I would like to estimate a model of the following form:
$$ y = \sigma G y + \beta X + \delta G^* X + \epsilon $$
where $G$ and $G^*$ are quadratic adjacency matrices, $y$ is a vector of a dependent variable subject to peer effects and $X$ is a matrix of controls/exogenous characteristics. $G$ is a binary matrix with entries equal to 1 if two individuals are peers of each other; as such, $G$ is also symmetric with a 0-diagonal. $G^*$ is the row-normalized version of $G$ (in fact, it's a stacked matrix with the row-normalized $G$ along the diagonal an 0 in the off-diagonals because $X$ is a matrix).
Econometricians will immediately recognize the similarity to spatial simultaneous autoregressive lag models, whose general form is
$$ y = \rho W y + \beta X + \epsilon $$
(with $W = G$).
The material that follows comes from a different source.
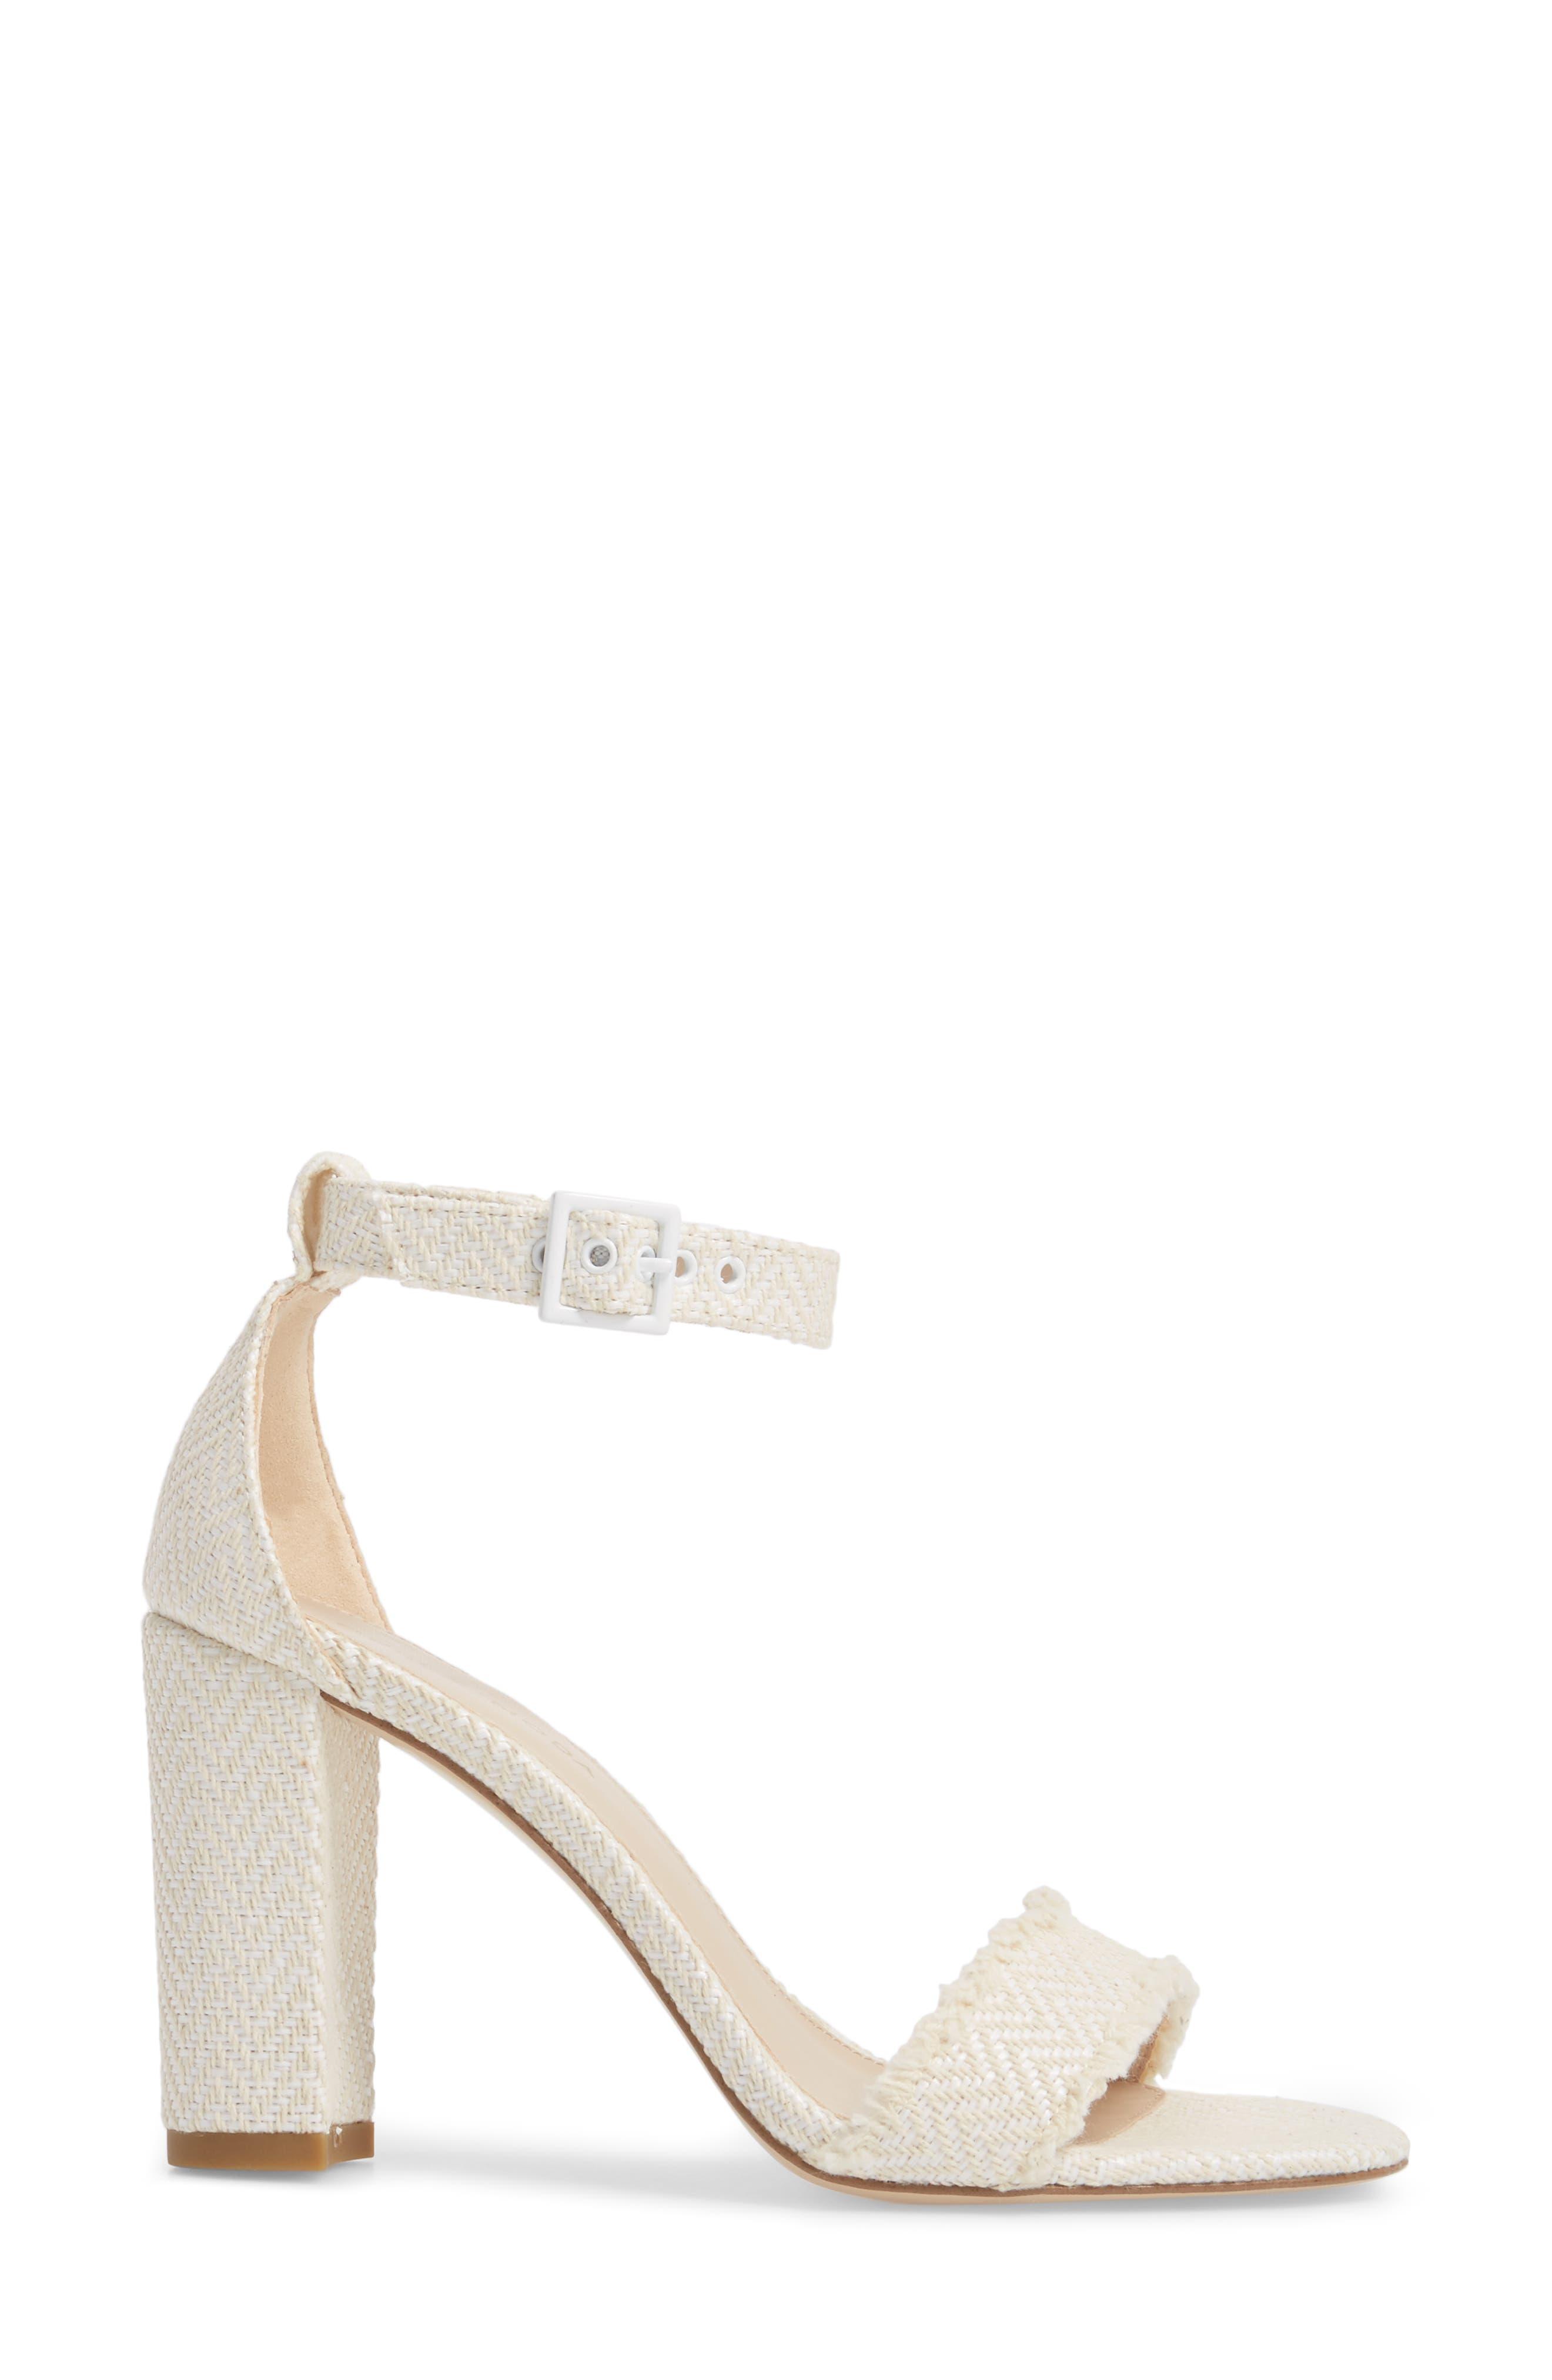 Bonnie Ankle Strap Sandal,                             Alternate thumbnail 3, color,                             White Herringbone

Because of the high similarity, I tried Roger Bivand's spdep
package for R
. The regression command is lagsarlm()
, but when I am not mistaken, it only estimates
$$ y = \sigma G y + \beta X + \epsilon $$
using the following command:
lagsarlm(y ~ x1 + x2, data=reg_data, listw=G, method="eigen",
quiet=FALSE, zero.policy = FALSE, tol.solve=1e-14)
which works and also returns results, but obviously an entire term is missing. How can I incorporate the $ \delta G^* X$ term? Are there packages that serve my needs better?